The traditional economic activities making one available for state support are:

1) livestock breeding, including nomadic livestock breeding (reindeer husbandry, horse, yak, and sheep breeding);

2) processing of livestock products, including the collection, preparation and processing of skins, wool, hair, ossified and unossified antlers, hooves, bones, endocrine glands, meat, and offal;

3) fishing and selling of aquatic biological resources;

4) commercial hunting, processing and sale of meat;

5) procurement and processing of edible forest resources, collection of medicinal plants, as well as collection of non-wood forest resources for one’s own needs;

6) engaging in art crafts and folk crafts (making utensils, equipment, boats, sleds, and other traditional means of transportation, as well as musical instruments, birch bark products, stuffed game animals and birds, souvenirs from the fur of reindeer, game animals, birds and other materials, weaving from plants, net-making, bone and wood carving, sewing national clothes and other types of crafts related to the processing of fur, leather, bone, and other materials);

7) construction of traditional dwellings and other buildings necessary for carrying out traditional types of economic activities.

The Tozhu kozhuun is home to two large industrial operations: Longxing and Golevskaya Mining Company. Longxing (investor Heilongjiang Mining Company, China) holds a license for the right to extract polymetallic ores at the Kyzyl-Tashtyg deposit until 2031. On September 29, 2009, a tripartite cooperation agreement was signed between the government of the Republic of Tyva, Longxing, and the administration of the Tozhu kozhuun, according to which the quota for providing jobs was set at 126, including 77 citizens of China and 49 citizens of Russia (of which 38 were to be local residents). 

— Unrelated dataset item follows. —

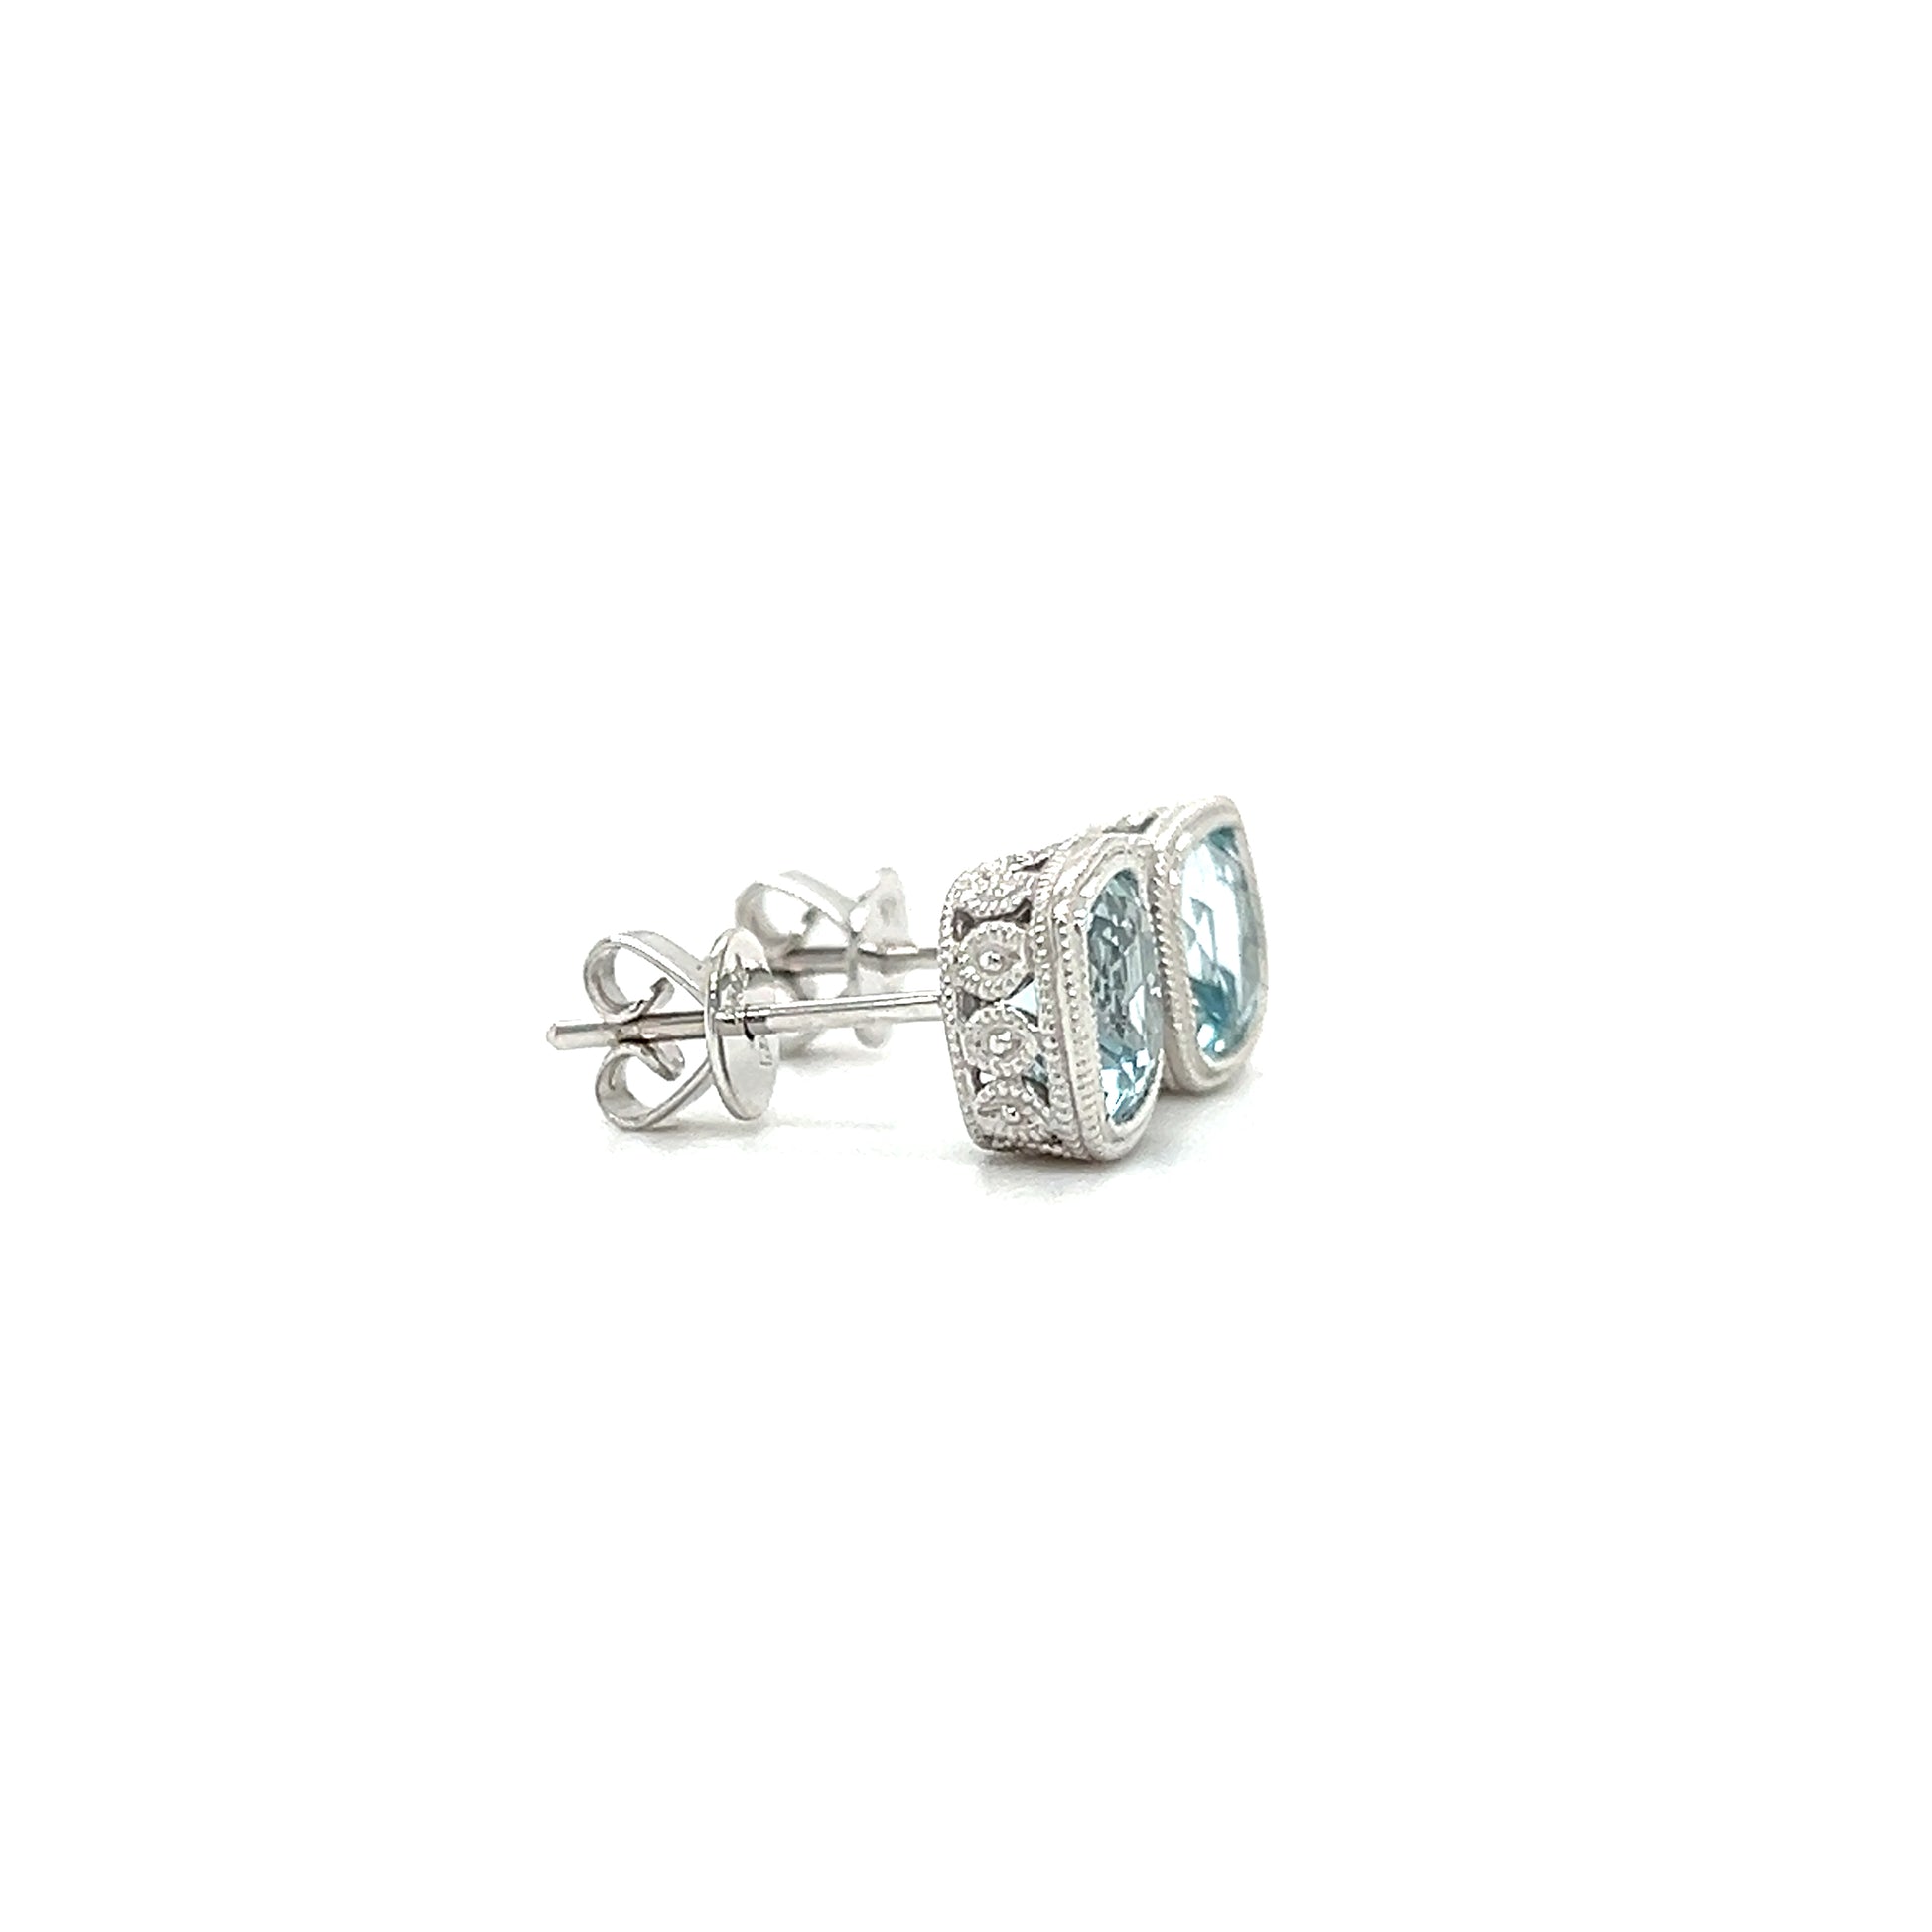 Aquamarine Stud Earrings with Milgrain and Filigree Details in 14K White Gold Left Side View
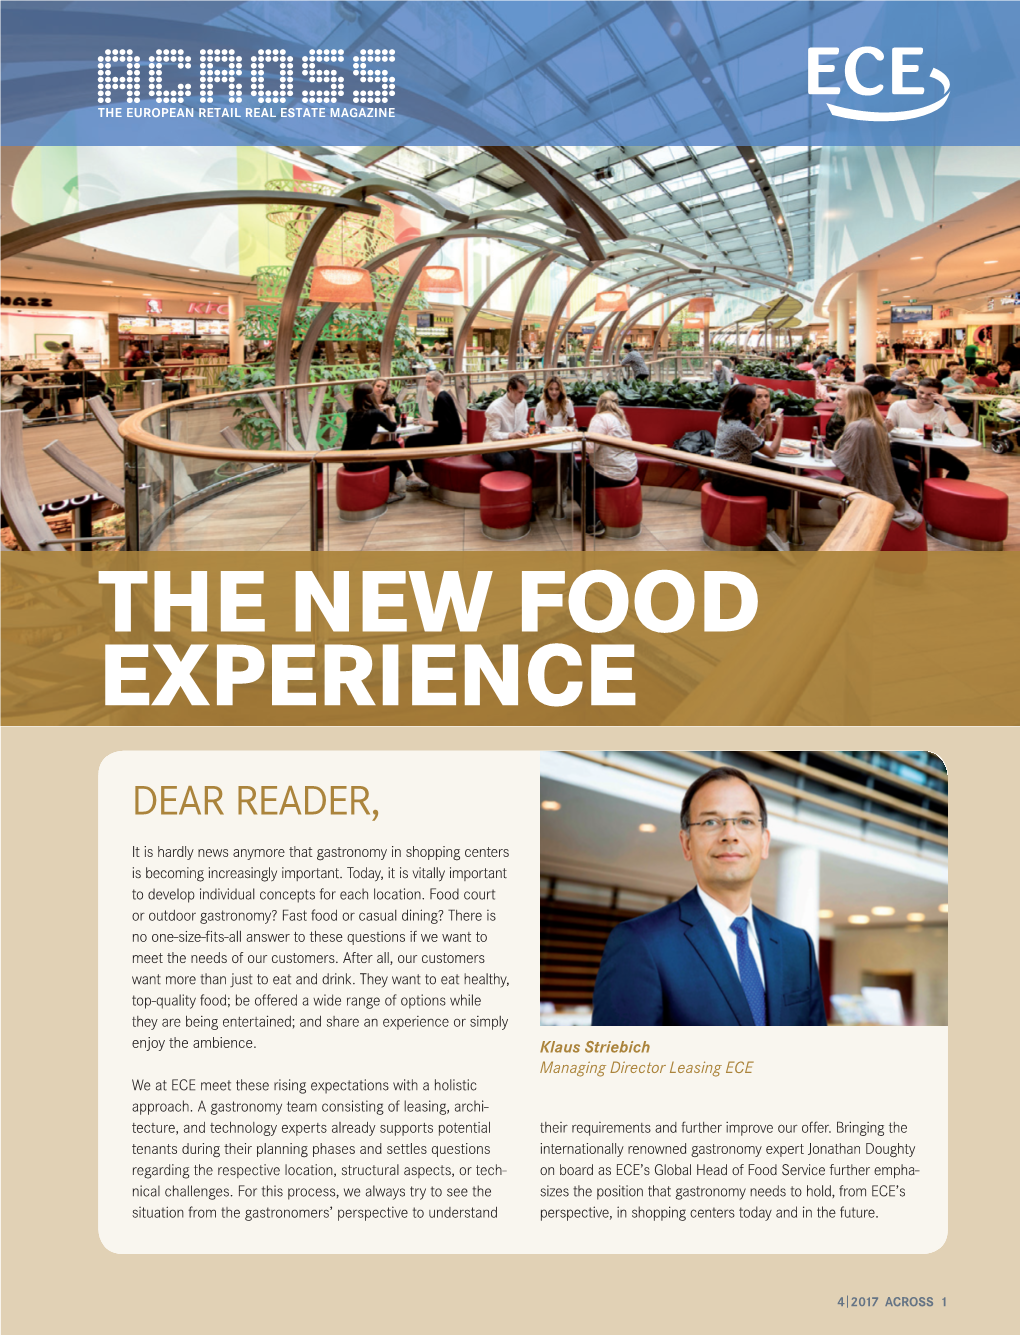 The New Food Experience

Golevskaya Mining Company holds a license to use subsoil at the Ak-Sug porphyry copper deposit and is implementing the project “Exploration and production of copper, molybdenum and associated components”.

In May 2022, a two-lane bridge across the Yenisei River was opened in the Tozhu kozhuun. Now the residents can cross the Yenisei at any time of the year, without being cut off from the mainland in the off-season. The opening of the bridge not only makes the kozhuun more accessible but contributes to the construction of a high-voltage power transmission line for the power supply of the region. The bridge will certainly give a powerful impetus to the socio-economic development of the territory, including the tourism industry.